→ **MATERIAL PROVIDED**
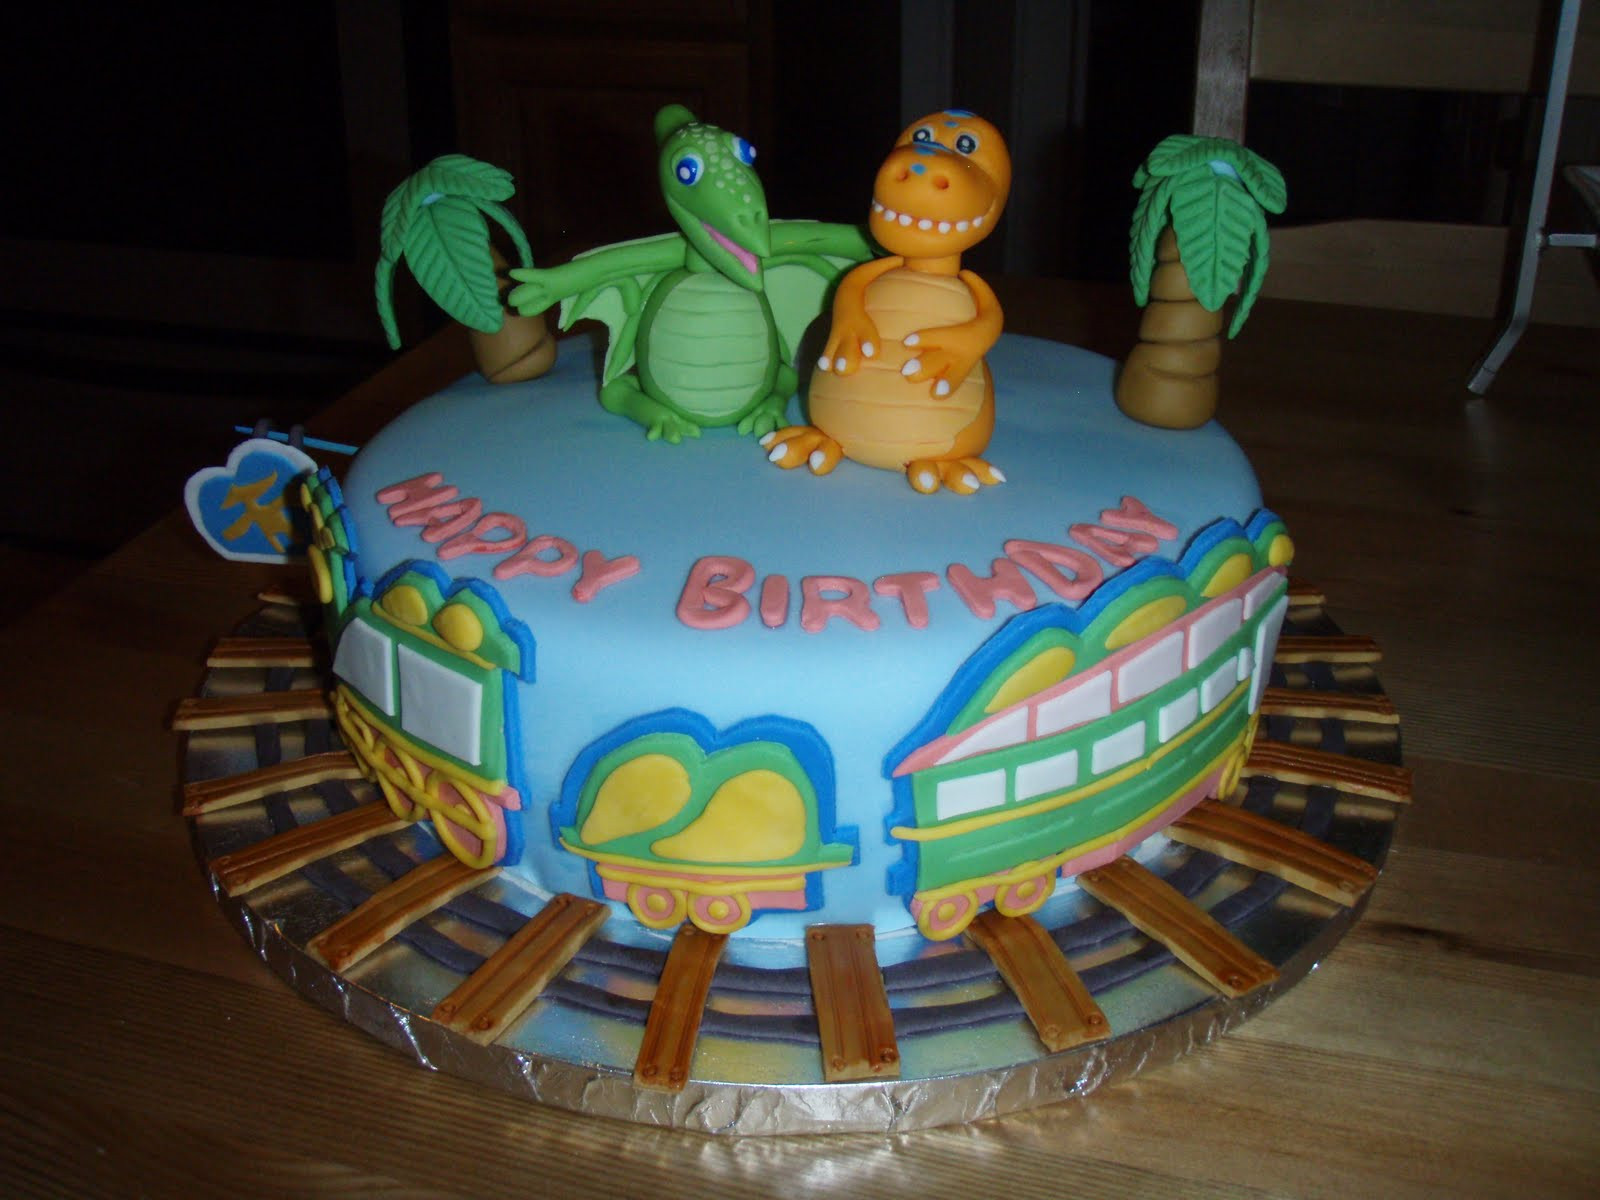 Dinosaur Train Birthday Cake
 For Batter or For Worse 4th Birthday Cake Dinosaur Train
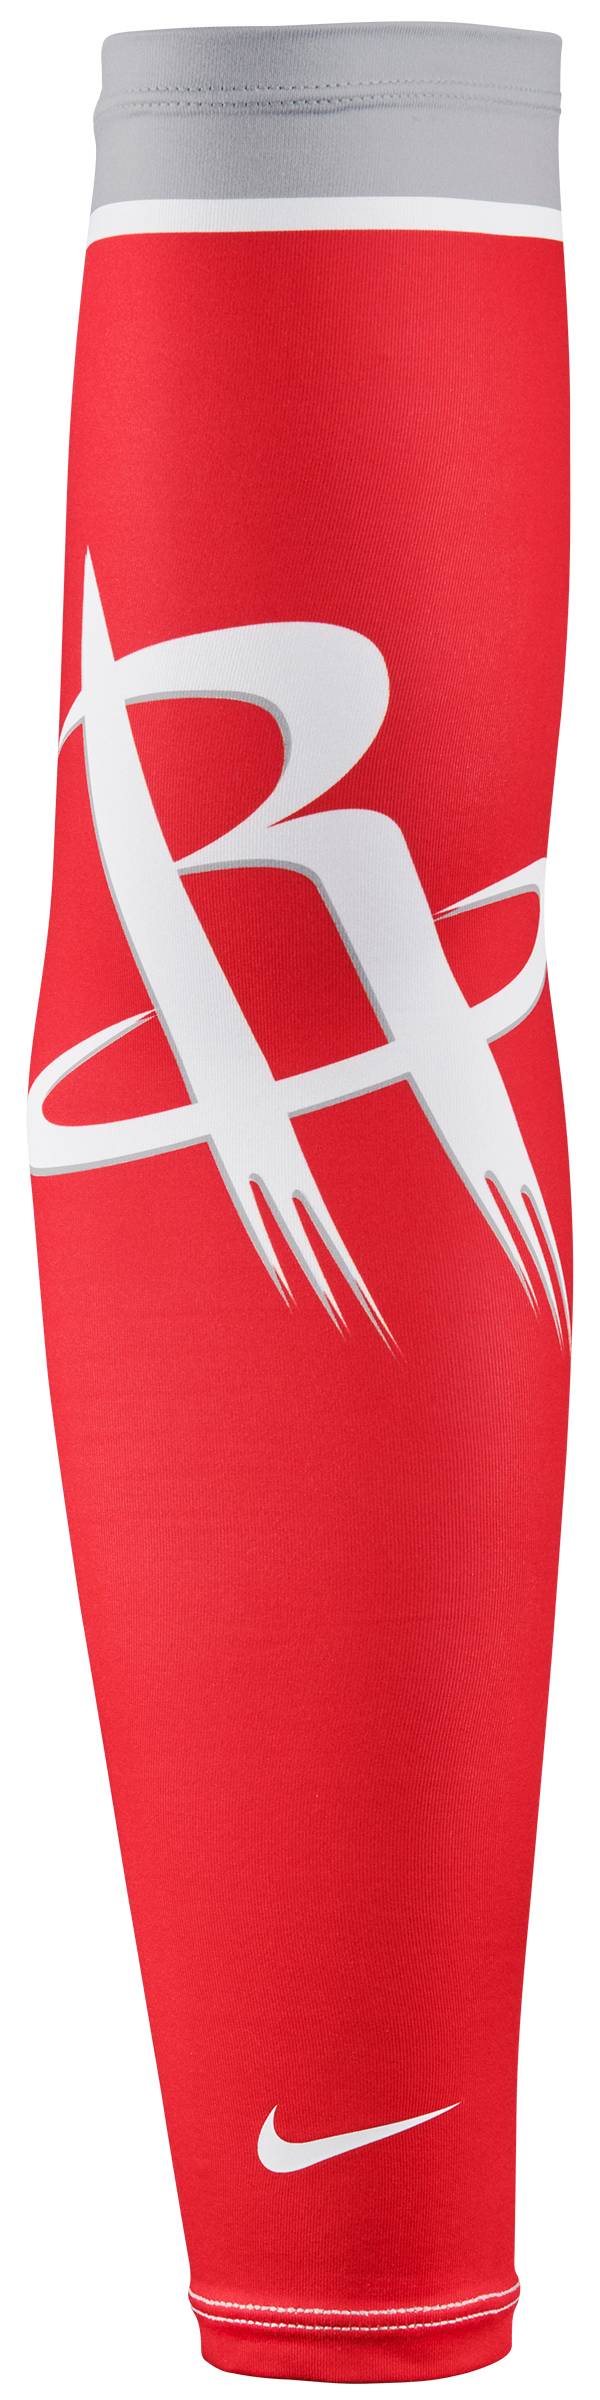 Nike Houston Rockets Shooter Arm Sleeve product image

...

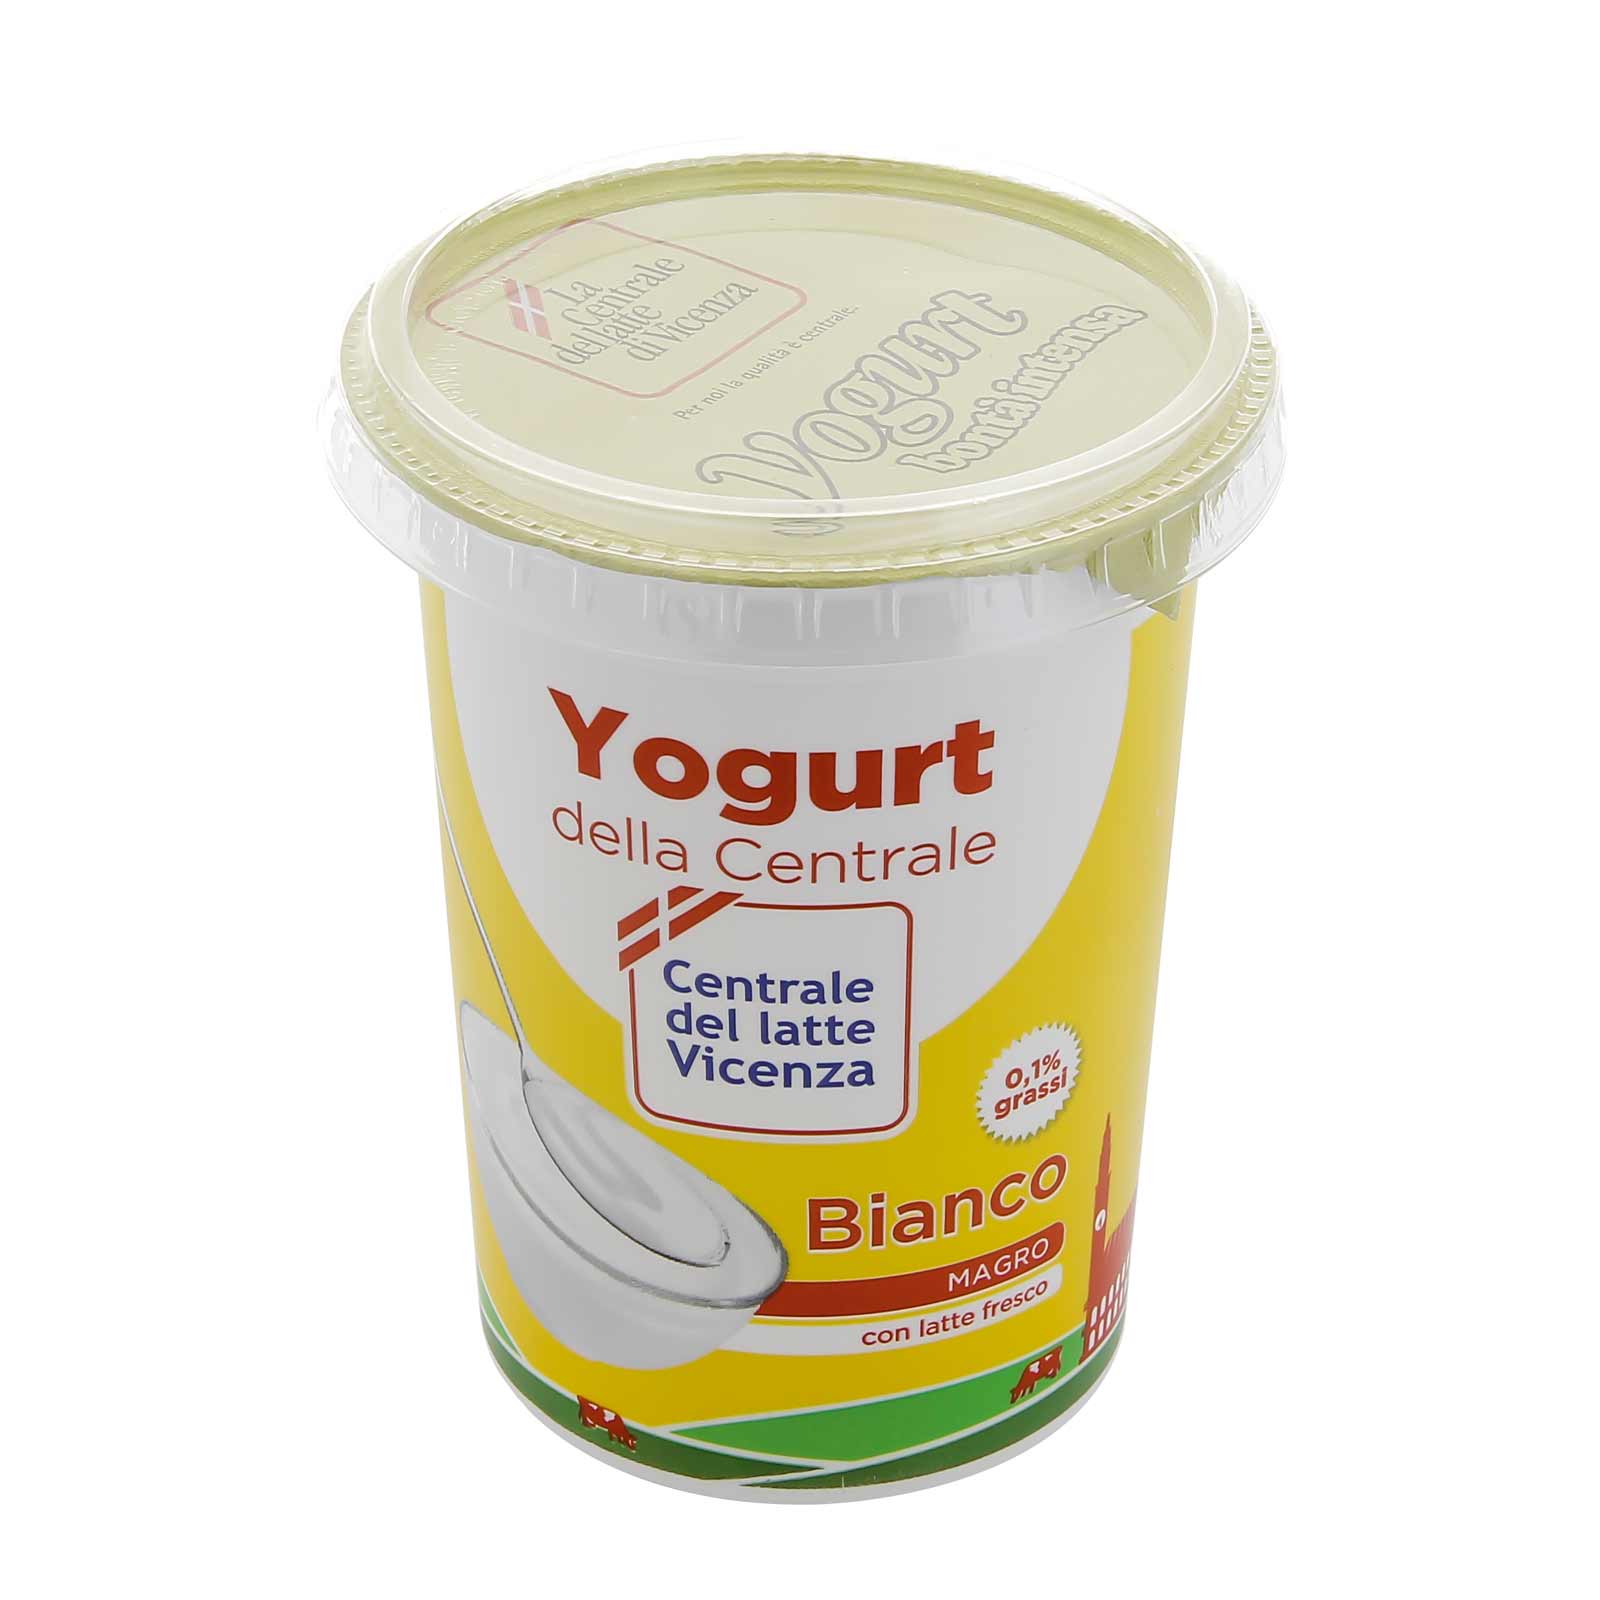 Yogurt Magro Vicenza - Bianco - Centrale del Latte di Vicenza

→ **EXERCISE**
Please repeat, exactly as written, the lines in the records above, starting with the one that has "Dinosaur Train Birthday Cake" and going on through the one that has "Nike Houston Rockets". Pictures are to be left out.

→ **ANSWER FOR THIS EXERCISE**
 Dinosaur Train Birthday Cake
 For Batter or For Worse 4th Birthday Cake Dinosaur Train
 Nike Houston Rockets Shooter Arm Sleeve product image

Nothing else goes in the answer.